The most important contributions of the guerrillas undoubtedly were made just before and during the campaigns to the retake the islands. Lt. Gen. Walter Krueger, commander of the U.S. Sixth Army, said that the guerrillas who fought with his command “proved to be an important source of information” (125). The guerrillas were involved in selecting targets for bombardment, rescuing downed pilots, and conducting invaluable security patrols (125–26). On Mindanao, one guerrilla regiment of 350 executed a flawless amphibious operation, assisted by the U.S. Army and Navy, and destroyed a Japanese garrison (143). Chinese Nationalist and Communist guerrillas fought with the American 25th Infantry Division and 1st Cavalry Division, respectively (129). The raid on Cabanatuan freed 513 prisoners of war and was executed flawlessly with precise and timely intelligence provided by the guerrillas, who added their own mass and combat power to the effort (135). Other groups assisted with the liberation of military and civilian prisoners at Santo Tomas in Manila and at Los Baños (135–36). One stalwart unit fighting with U.S. units, the Anderson Battalion, was responsible for killing about 3,000 Japanese troops and capturing another 1,000 (137). The evidence is clear that “the guerrillas made the Allied liberation of the islands easier” (16).

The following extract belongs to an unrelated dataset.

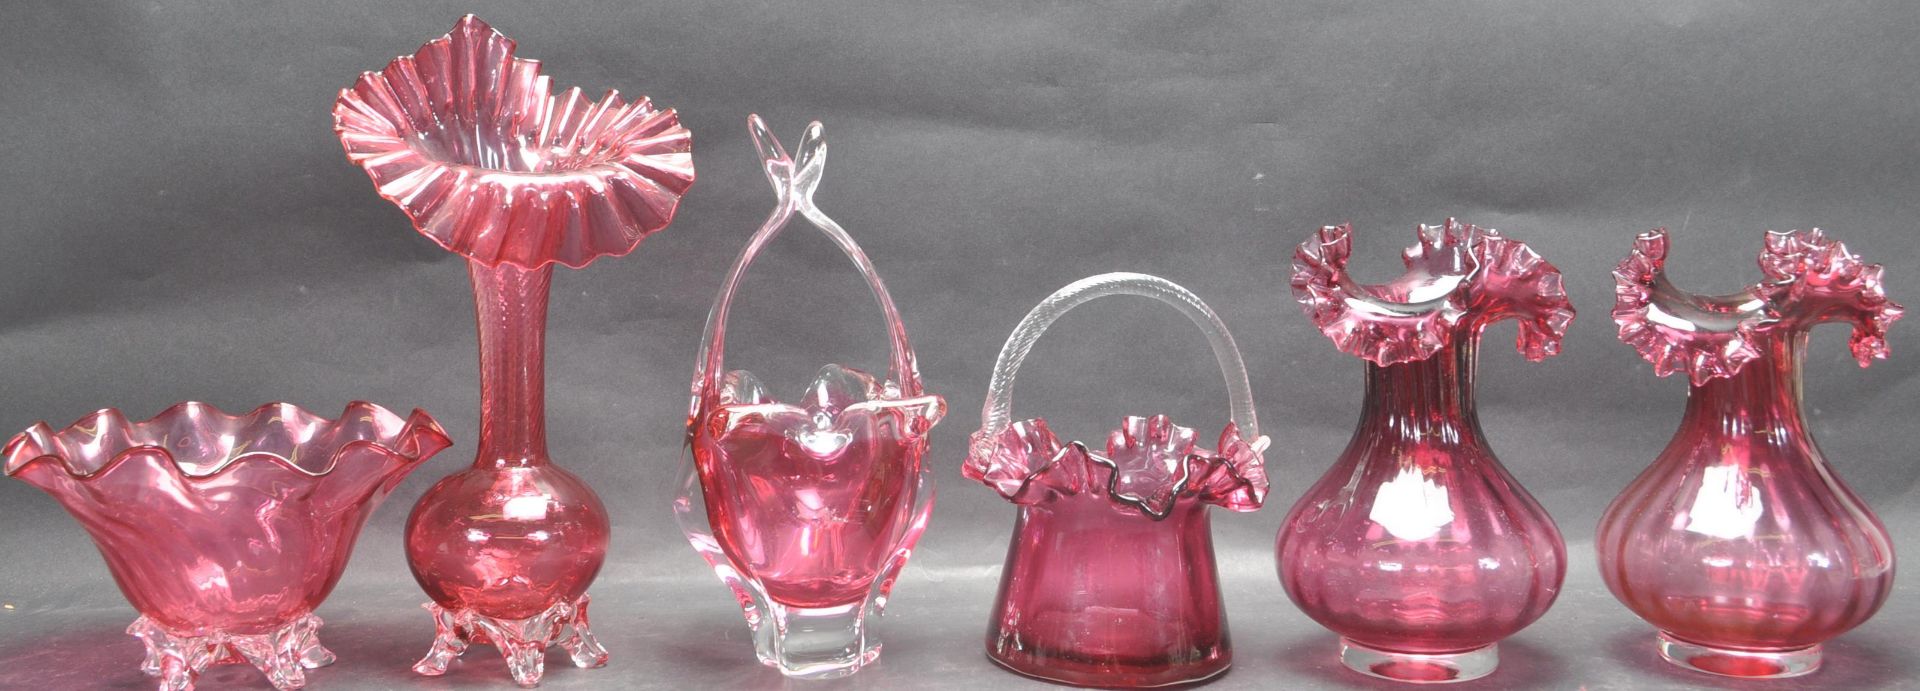 GROUP OF CRANBERRY GLASS ORNAMENTS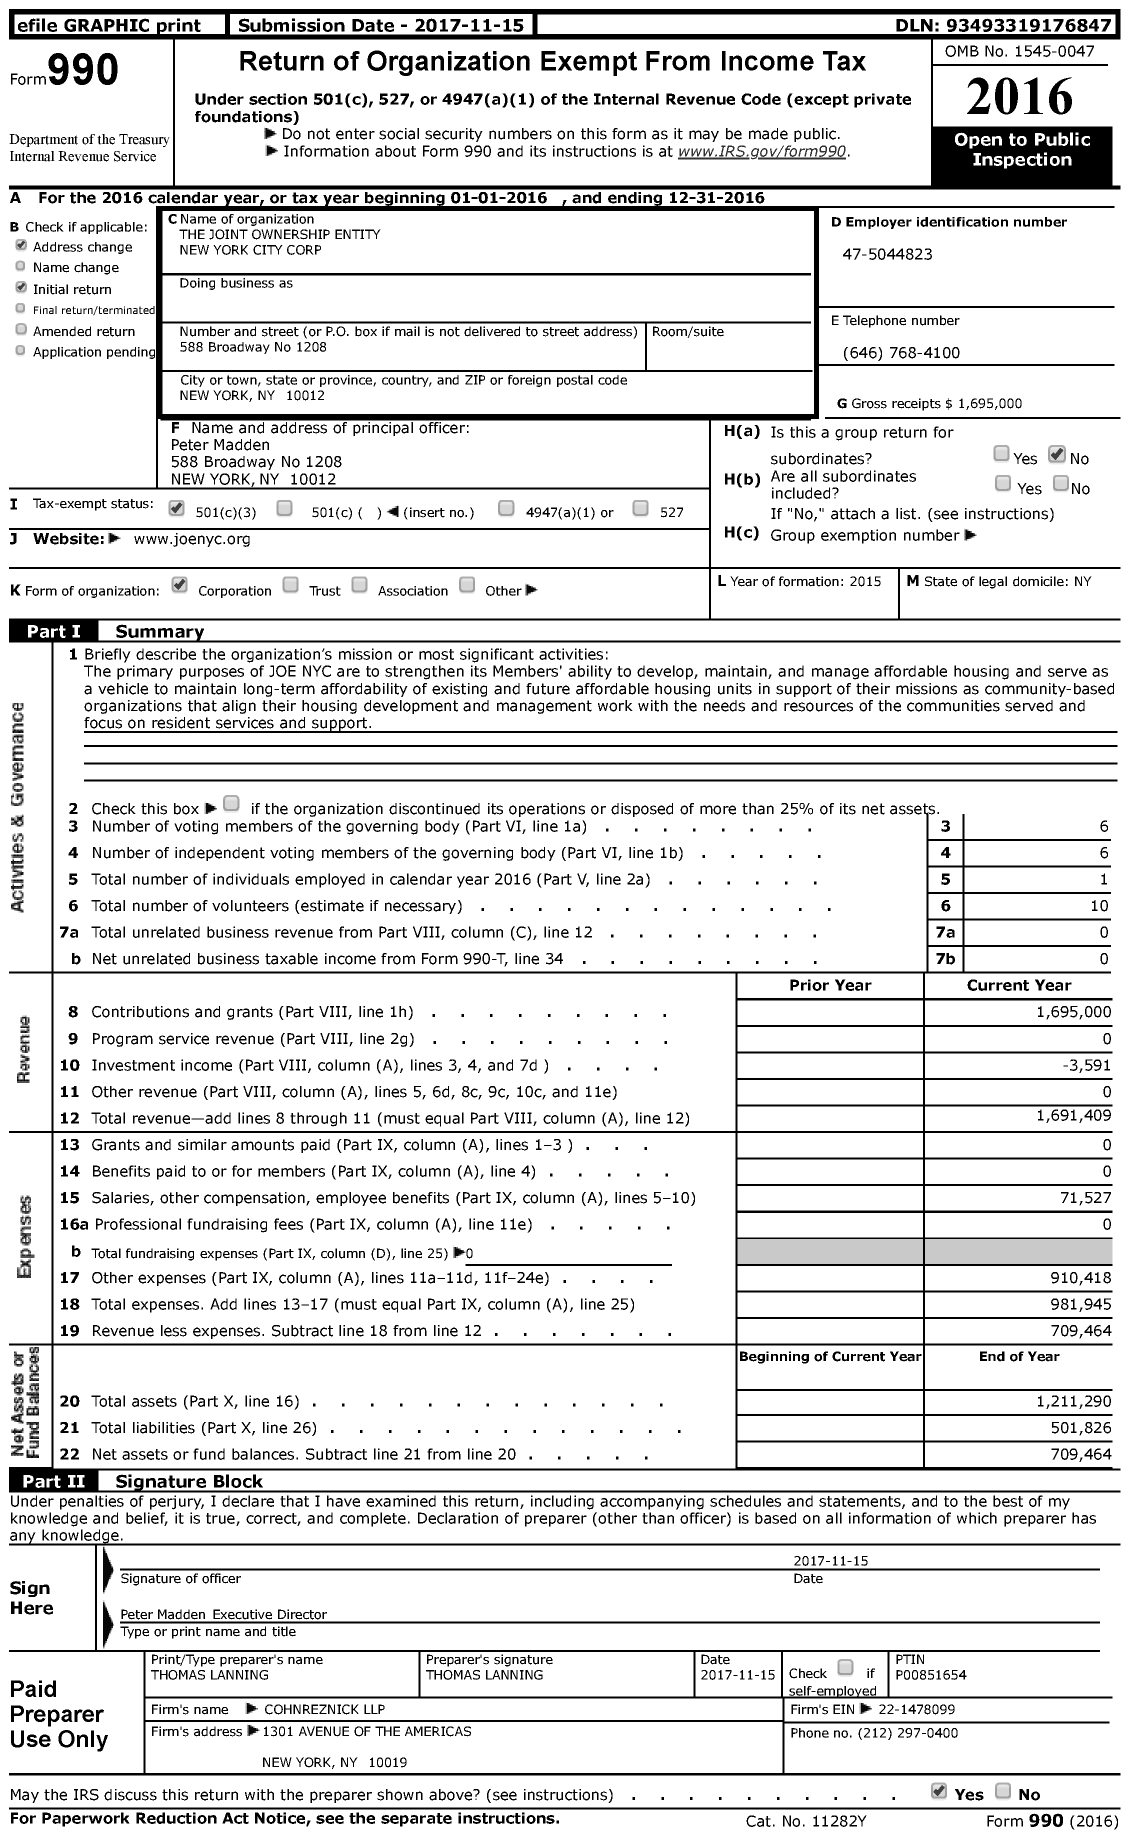 Image of first page of 2016 Form 990 for The Joint Ownership Entity New York City Corporation

This valuable contribution is well written and sustained by very good sources. Readers will appreciate the simultaneous complexity of the material and the facility with which it is delivered. At only 157 pages, it might have benefited from a little more content to embed the struggle in the Philippines more firmly within the wider Pacific War. Academics and enthusiasts alike would find great value in this work, as would modern-day practitioners of war, especially those in the special warfare communities and high-level staff officers who might work with these groups in future conflicts.
Authors
Ivan A. Zasimczuk has been the military history instructor in the Signal History Office, Office Chief of Signal, at Fort Eisenhower (formerly Fort Gordon), Georgia, since June 2019. He graduated from the University of California at Davis (UCD) with a BA in history and political science and a minor in English. He joined the Army through UCD’s reserve officer training corps and entered the active duty Army in 1997 as an adjutant general officer. He has served in Germany, Bosnia, Kosovo, Kuwait, Iraq, and Jordan. He attended Kansas State University, earning an MA in history with a follow-on teaching assignment at the United States Military Academy at West Point, where he taught military history and leadership. He ended his military career in 2017 after managing a marketing portfolio in the Army Marketing and Research Group. He then worked at the British Embassy in Washington, D.C., for one year before assuming his current role.